Goal of the exercise
Set the listing down again exactly, please, apart from its pictures.

Given data
━━━━━━━━━━━━━━━━
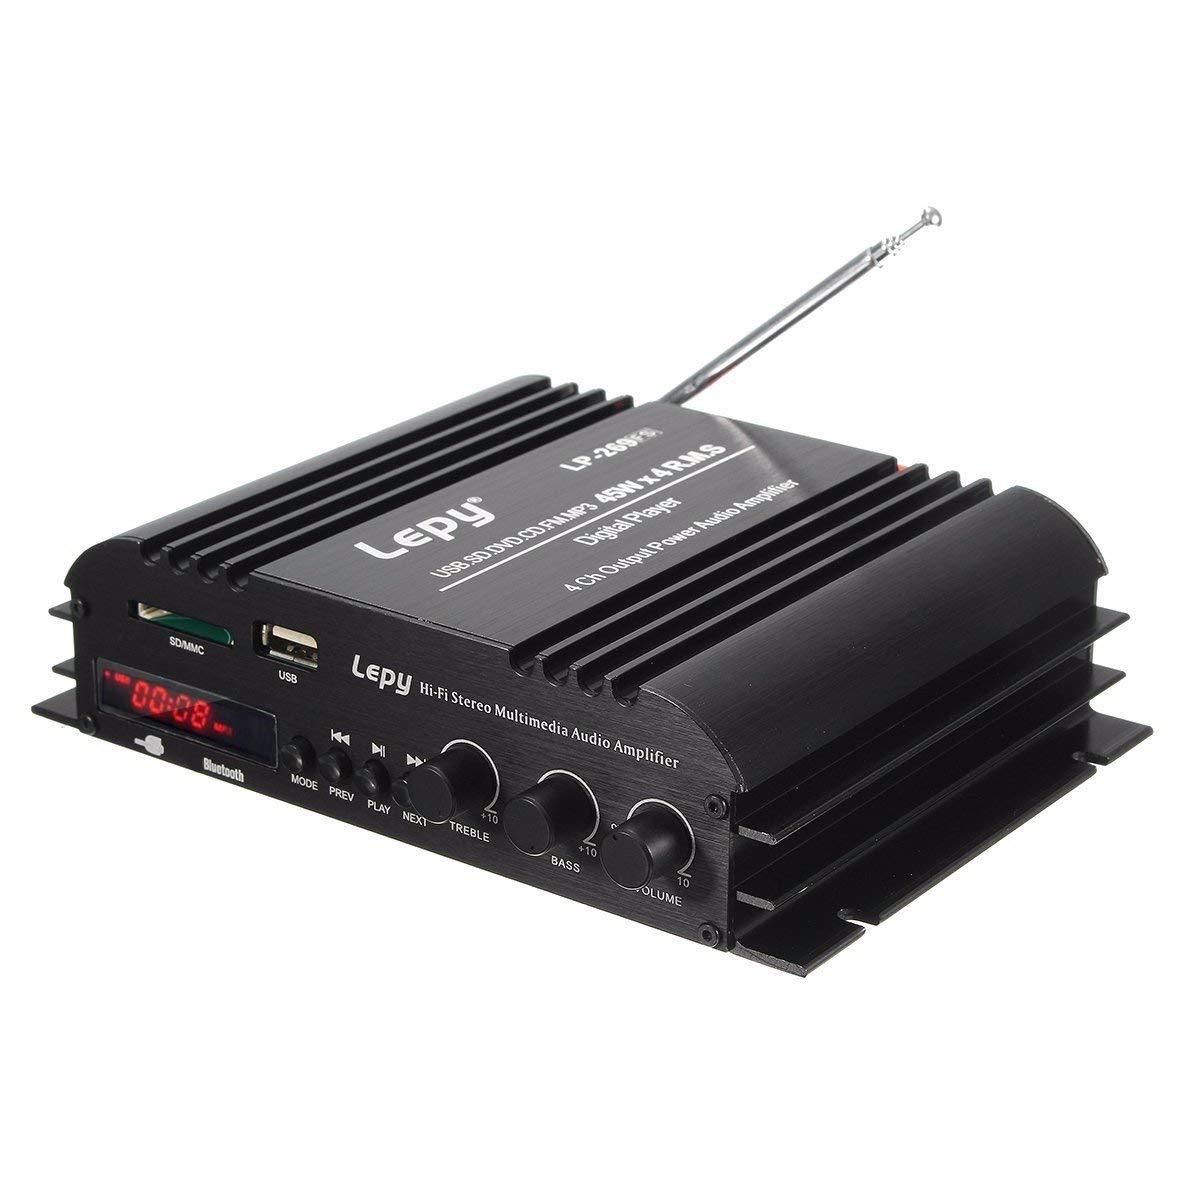 Cheap 6 Channel Car Audio Amplifier Find Wiring Kit 1600w 4 Digital Bridgeable Pro Don T Get Quotations Lepy 269fs Hifi Stereo 4channel Wireless Bluetooth Mp3 Speaker 45w
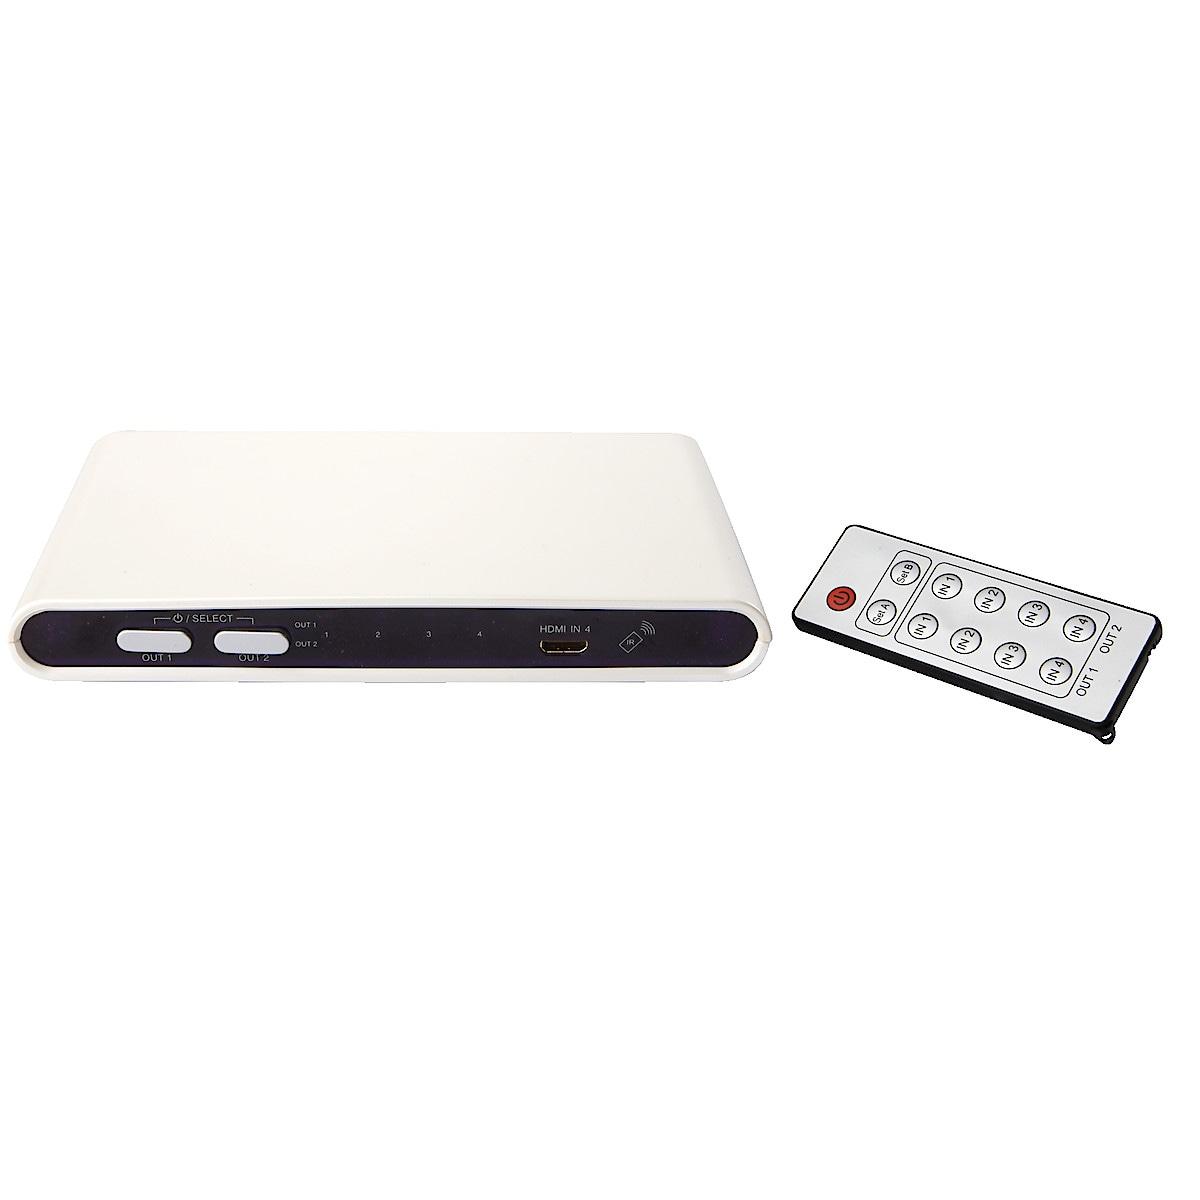 HDMI-växel
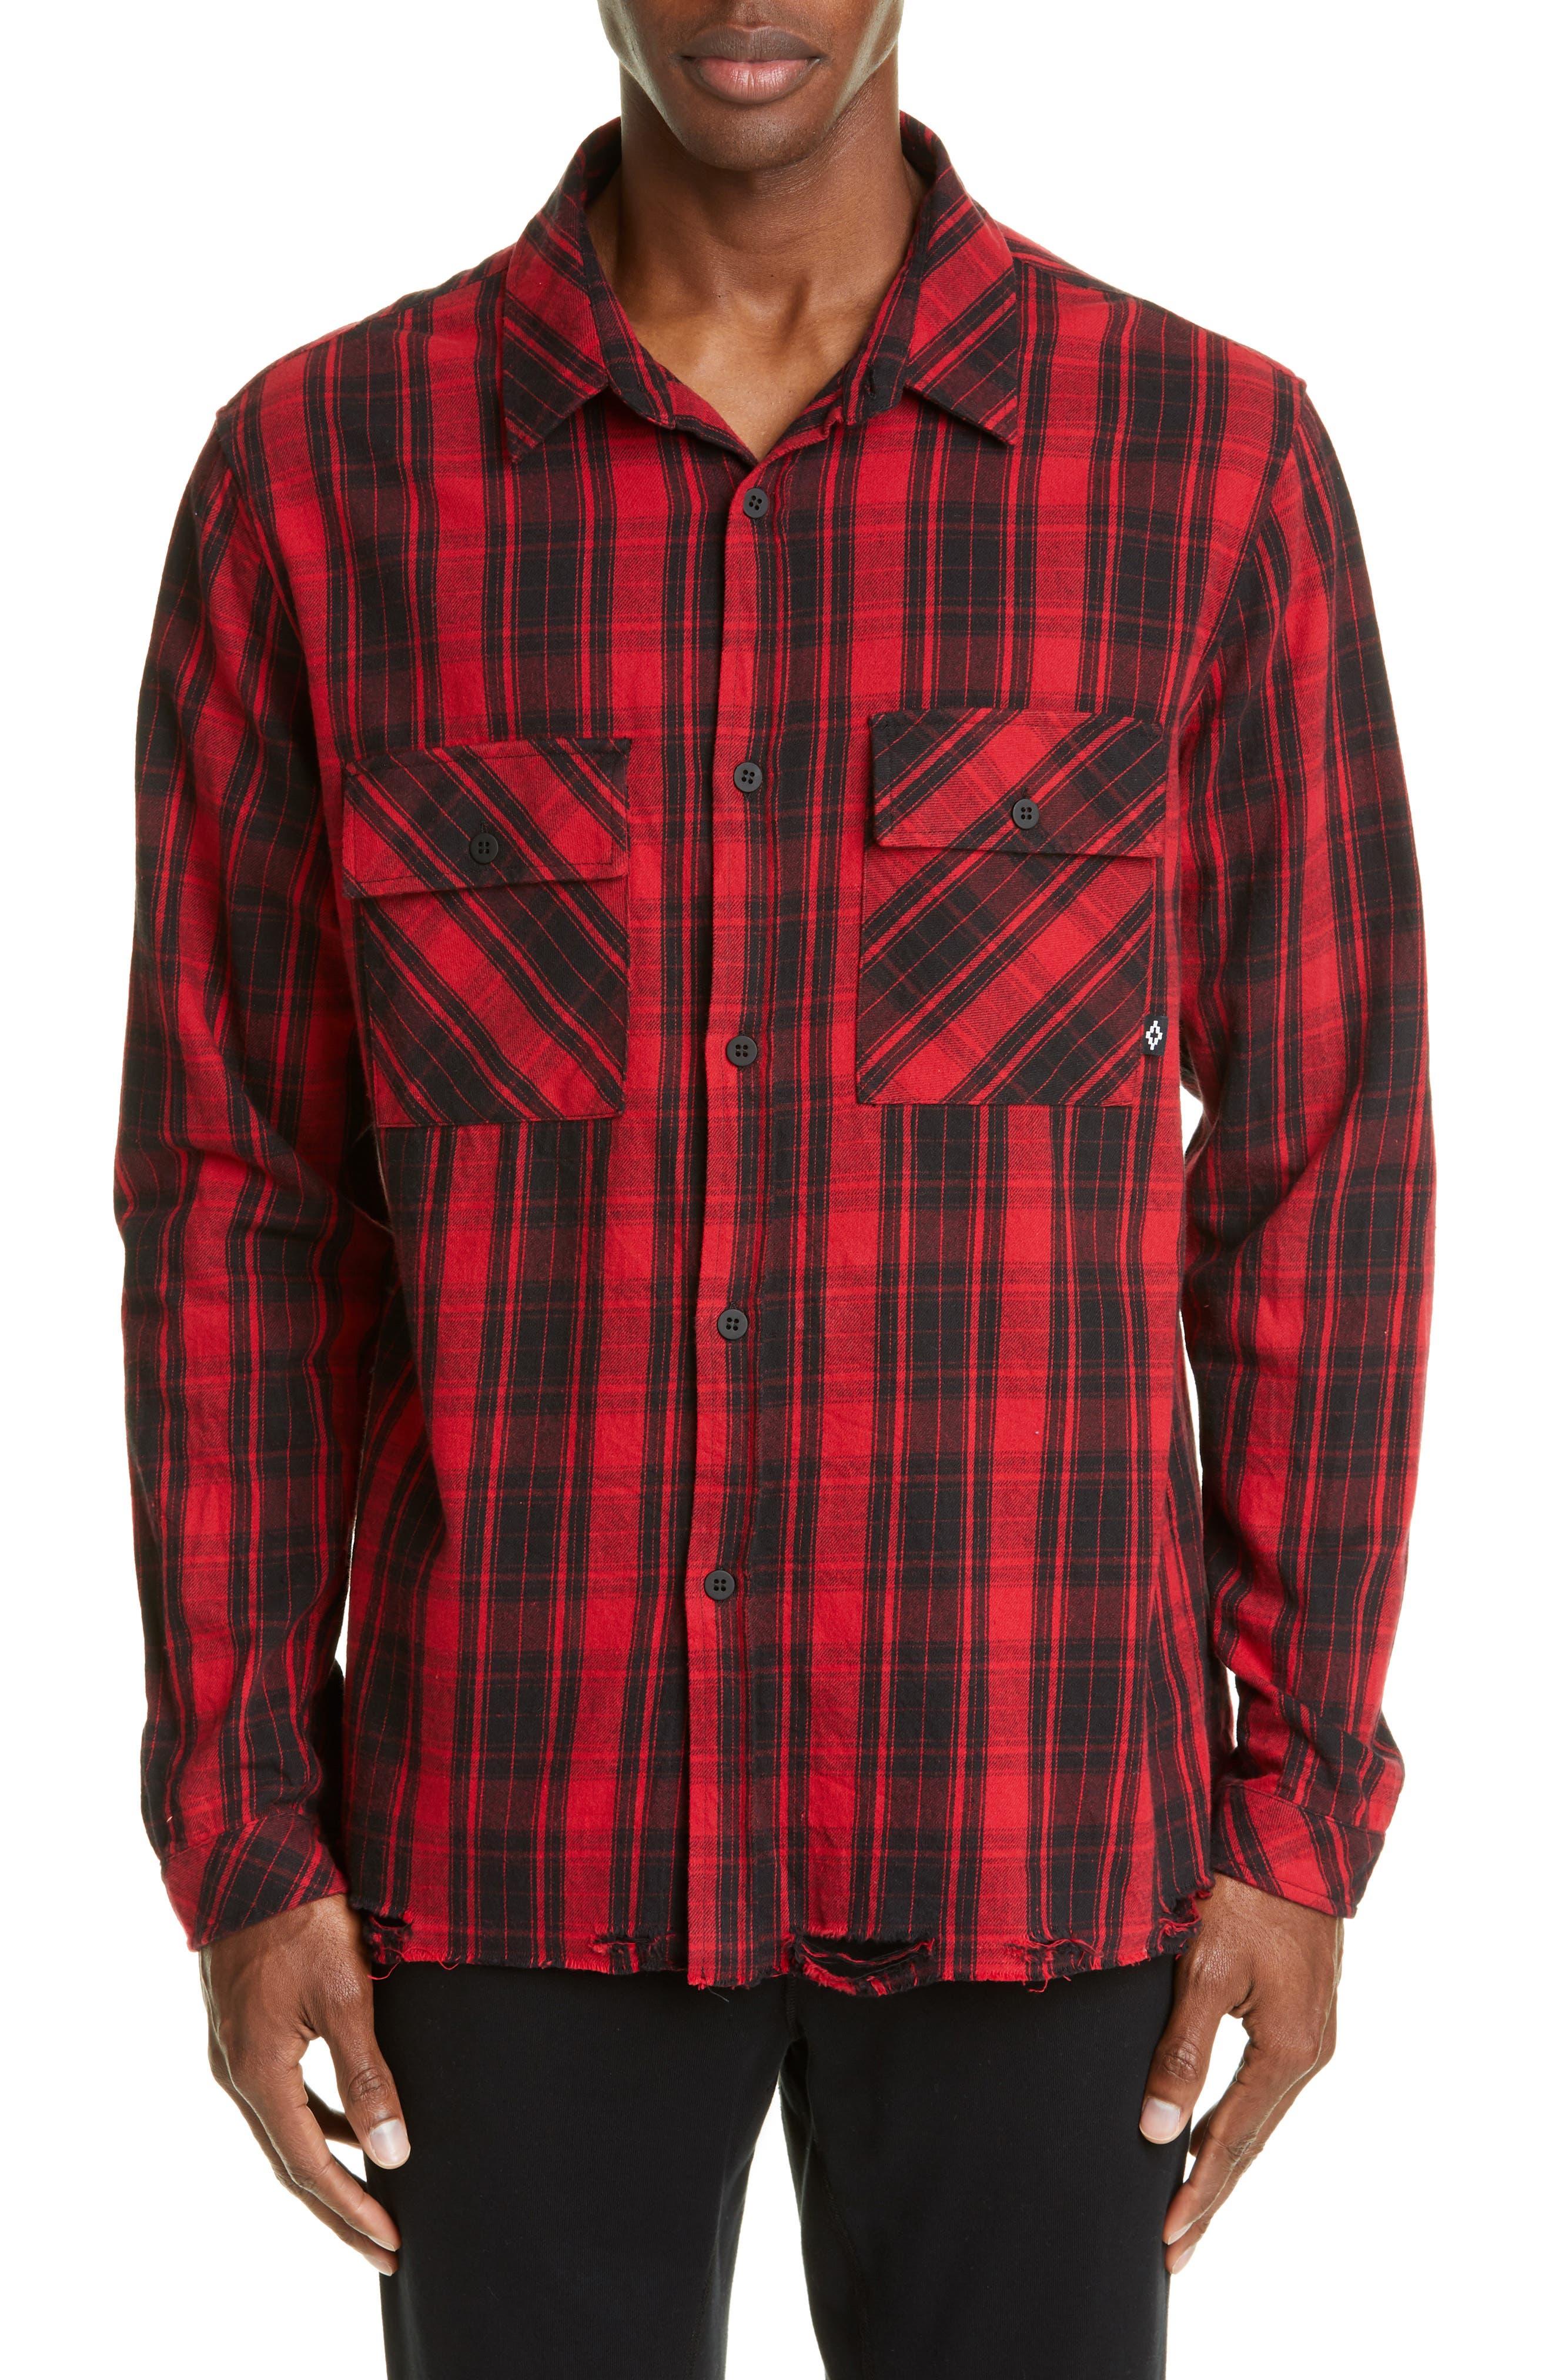 Marcelo Burlon County Check Plaid Button-Up Flannel Shirt, Red
━━━━━━━━━━━━━━━━
Output for this task
 Cheap 6 Channel Car Audio Amplifier Find Wiring Kit 1600w 4 Digital Bridgeable Pro Don T Get Quotations Lepy 269fs Hifi Stereo 4channel Wireless Bluetooth Mp3 Speaker 45w
 HDMI-växel
 Marcelo Burlon County Check Plaid Button-Up Flannel Shirt, Red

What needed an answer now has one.